One night, after we closed, young Will Teel was helping me clean up and he asked Rich for a bottle of Bud. Rich said, "Sorry. It's after 4am....but I'll give you a massage if you like?"  Will...didn't like.
   Immediately, they got rid of the Lazee-Boys & the couch. A few weeks went by. I continued to work there, hating it...but still making money. When all of a sudden the pool table was gone. The whole back area was empty. I asked why and Rich responded, "More room. Now we can fit more people."
 "More people? To do what? Stand & stare at each other?"
 "No, Dave. Pool tables bring in the "wrong" people. Ya know people that just hang around all night."
 He was clueless.
 They bought smaller glasses and raised the prices.
  They made the tattooed clientele feel uncomfortable (Lone Wolf Tattoo was next door), but embraced the actors from Rich's community theatre. These people never hung out there, but their 8x10's were on the wall. Once, one of them came in and asked for a Pina Colada. I cringed, but made it anyway. When I handed it to her, she slid it back and asked, "Where's the whipped cream? I was on Carnival Cruise, there's suppose to be whipped cream." Oh boy.
  We always clashed. They would ask me advice....and they would go and do the opposite. Each time pushing more people away.
  After 7 months, I was fired.
  I walked in one Wednesday night and proceeded to walk behind the bar. Bob extended his arm to block me from entering. He said we need to talk. Rich was standing feet away.
  "We have a witness of you giving someone a six pack of Heineken without charging him. That's stealing. You're fired."
  Flabbergasted, I said, "What? What are you talking about?"
  Rich steps up and ferociously says, "You stole!!!! You stole a six pack!!! You're fired!!!!"
  "Wait. I didn't steal anything. You're saying a gave some a six pack?", as I motioned a person handing a six pack of beer to someone.
  "Yes!!! You gave someone a six pack. A six pack of Heineken...and didn't charge them."
  "That doesn't make sense. Why would I give someone a six pack and not charge'em? What would I gain? Are you saying I gave someone '6' beers through the course of the night and never charged'em?...or I physically handed someone a six pack and said 'Take that, that's on me..????"
  "You, you...you gave'em a six pack and said it was FREE!!!!!!"
  "We don't have six packs.", I said, tilting my head, curiously. "We get our beer in cases, without six pack carriers. There's no six pack holders inside the cases. There's 24 spots. This NEVER happened."
  "IT DOESN'T MATTER!!!!", yelled Rich, his face bright red. "We have a witness!!!"
  "Well, alright then. If you wanted to fire me you coulda just did it." I turned and started walking out.
  I was just about to open the door and leave when Rich yelled, "...and DON'T phone in any phony police reports."
  I shook my head and walked out...never to walk through those doors again.
  Eight months later they were out of business.

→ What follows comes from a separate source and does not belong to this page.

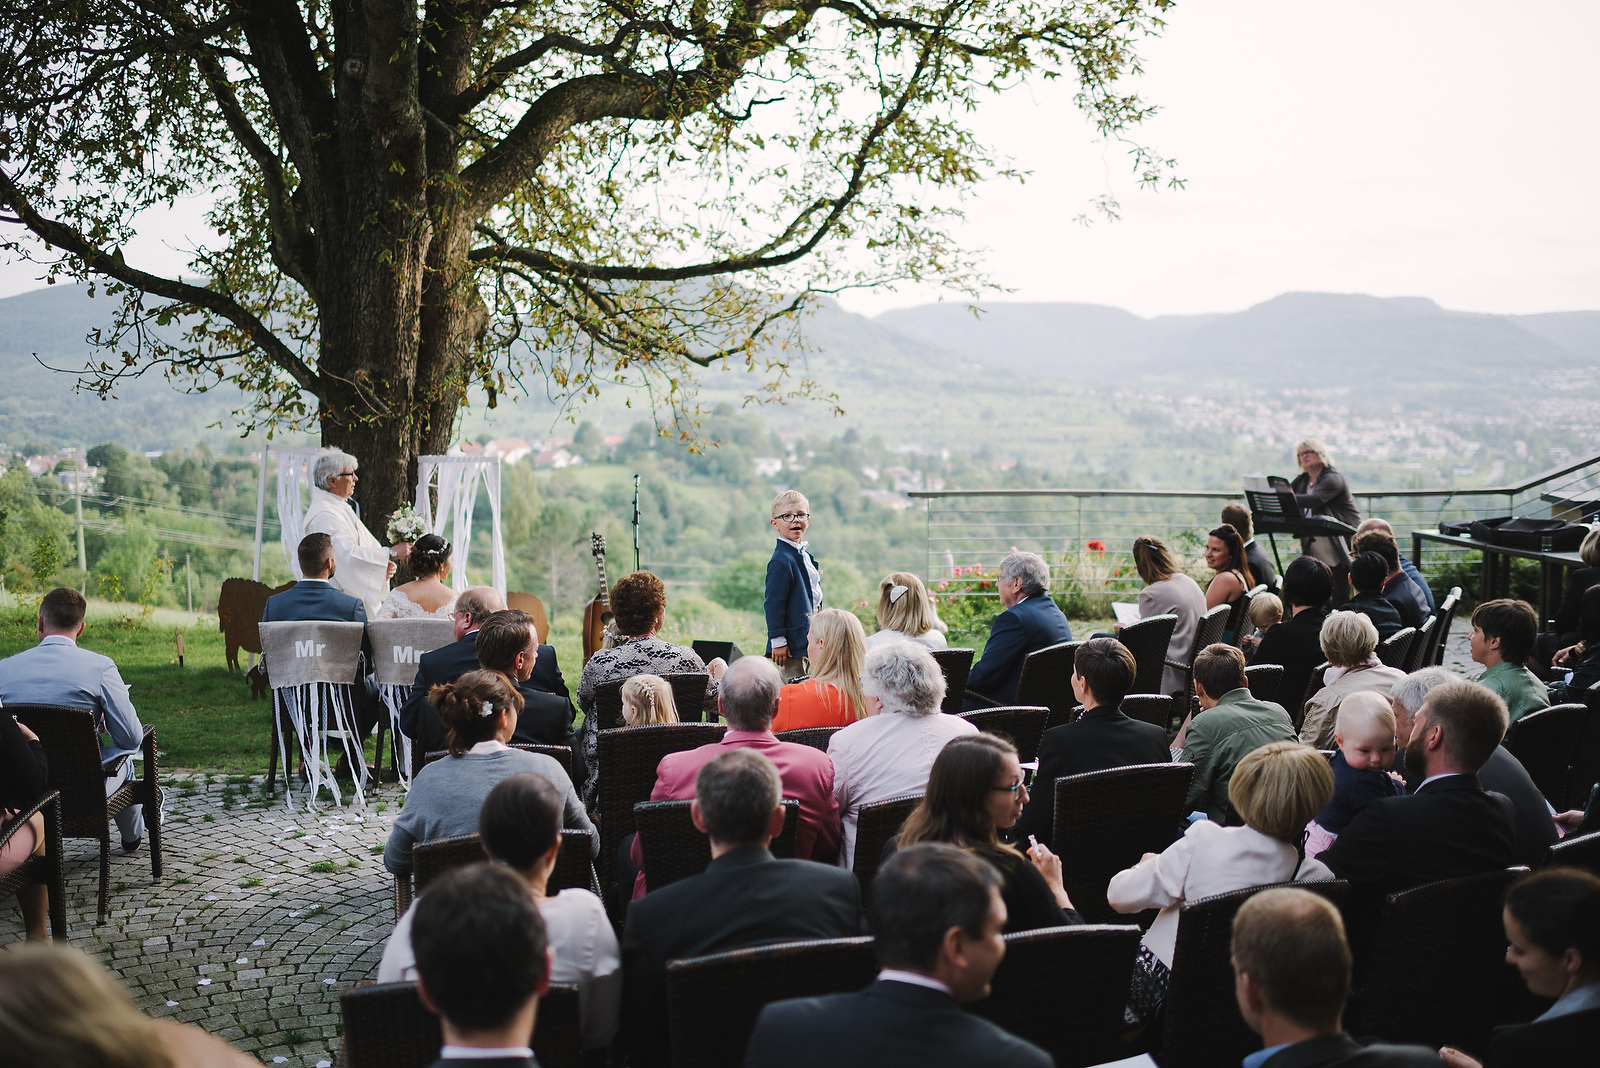 Fotograf Konstanz - Hochzeitsfotograf Reutlingen Achalm Hochzeit EFP 61 - Als Hochzeitsfotograf auf der Achalm, Reutlingen  - 49 -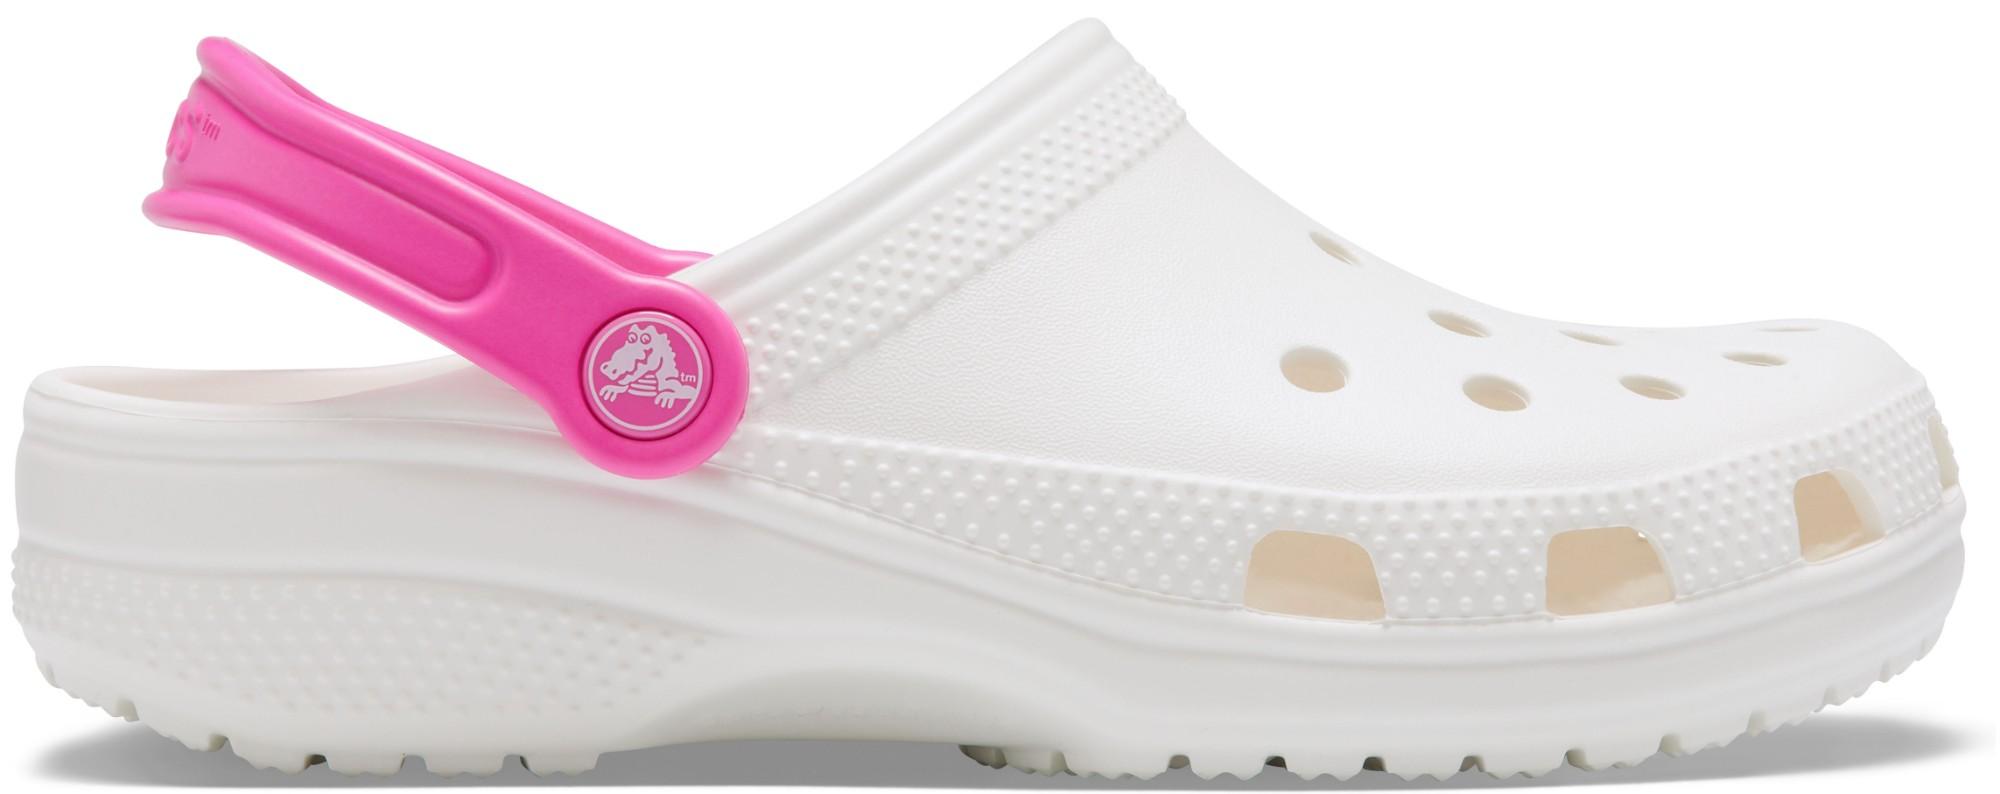 Crocs™ Classic Pop Strap Clog White/Electric Pink 39,5

It's now a dance studio. No more bar.
Here's a link from Frank Fusco's Bellmore: The Unscene Blog.
The last EGGPLANT QUEENS show there. This is after Bob & Rich bought it. We played there once, only once....but I warned them.


http://bellmoretheunscene.blogspot.com/2011/04/eggplant-queens-juke-joint-213-72702.html


Wednesday, March 7, 2012

RADIOHEAD STORY : #2

  June 1, 1995:  I ride into New York City with my good friend, Michael Walch (He's now a member of  my band, EGGPLANT QUEENS aka Sunnyside) and his pal, Squid, it was a Thursday. Our destination: Roseland...to see The Reverend Horton Heat open for White Zombie. They had tickets. I did not, I planned on scalping.
  We park and walk up to the venue. There's a mob scene. White Zombie were at their peak. I start hitting up scalpers and it appears the going rate for a ticket is $70...face value was probably $25. I move from scalper to scalper...both professionals and nitwit frat boys trying to score quick loot. After a half hour, Michael and Squid tell me they're heading in and wish me good luck.
  I waste another 20 minutes trying to sneak in and/or get a ticket for face. I explain to a number of scalpers that I'm really only here for The Reverend..... They have no idea what I'm talking about. My effort is futile....and that's when it occurred to me that Radiohead were playing at Tramps, downtown the very same night in support of The Bends. I fill with glee and hail a cab.
  Fifteen minute later I'm standing in front of the place. Tramps was great. It was a tiny club. Through the years I saw GWAR, The Reverend, Ultra Bidet, and a few other acts there....anyway. There I am...standing out front. It's sold out...but no mob scene. In fact, the street was pretty empty...except for one guy. One douche bag. I ask him if he has an extra ticket for the show. He says, "Yeah man.....$50."
  "Fifty?!", I reply...."It only cost $20. I'll give you twenty-five."
  "Supply & demand!", he snapped.
  "Supply & demand? Really? I'm the only guy asking for a ticket on the whole block?"
  "....and I'm the only guy selling."
  So, I tell him to fuck off and I move closer to the entrance.
  I stand there for a few minutes, watching people show up and go in...asking everyone if they have an extra ticket. No one has. This goes on for awhile and that lone scalper yells over, "Hard luck?.... 50 will get you in."...as he startles an elderly woman, walking by with a poodle ..."Hey? You NEED a ticket?"
 She pulls tight on said poodle's leash and says.."NO!"
 I look and laugh, "You're an idiot.".......with that a Lincoln pulls up. A "car service" Lincoln. Out steps 4 cool looking people, in what seems like a hurry.....and I yell, "Hey! You wouldn't happen to have an extra ticket?"
  One woman looks at me. Studies my t-shirt and asks, "You like Fatima Mansions?"
  (Ya see...I was wearing my favorite t-shirt of 1995...it read, in big red letters: "KEEP MUSIC EVIL". I got it from WDRE: the radio station I worked at year or two earlier. It was a promo by a band called Fatima Mansions. I just happened to love that shirt, I just happened to like that band, and I sported that tee often.)
 "Yeah! Those guys are great!"
 "They're mine.", she said. "I've been working them for awhile. They're on my label." (Radioactive, the same label Radiohead were on at the time.)
 "I worked at WDRE for 5 years.", I reply.
 "No shit. Come with us. I'll walk you in."
 I accept....and me and my new entourage, proceed to walk in....with me giving that one lone douche bag the old heave-ho......."Fuck off!!!", I screamed as I walked inside.
  Immediately upon entering Tramps, my new friends leave me. I like that. I squirm through the crowd as Radiohead take the stage. I get up front.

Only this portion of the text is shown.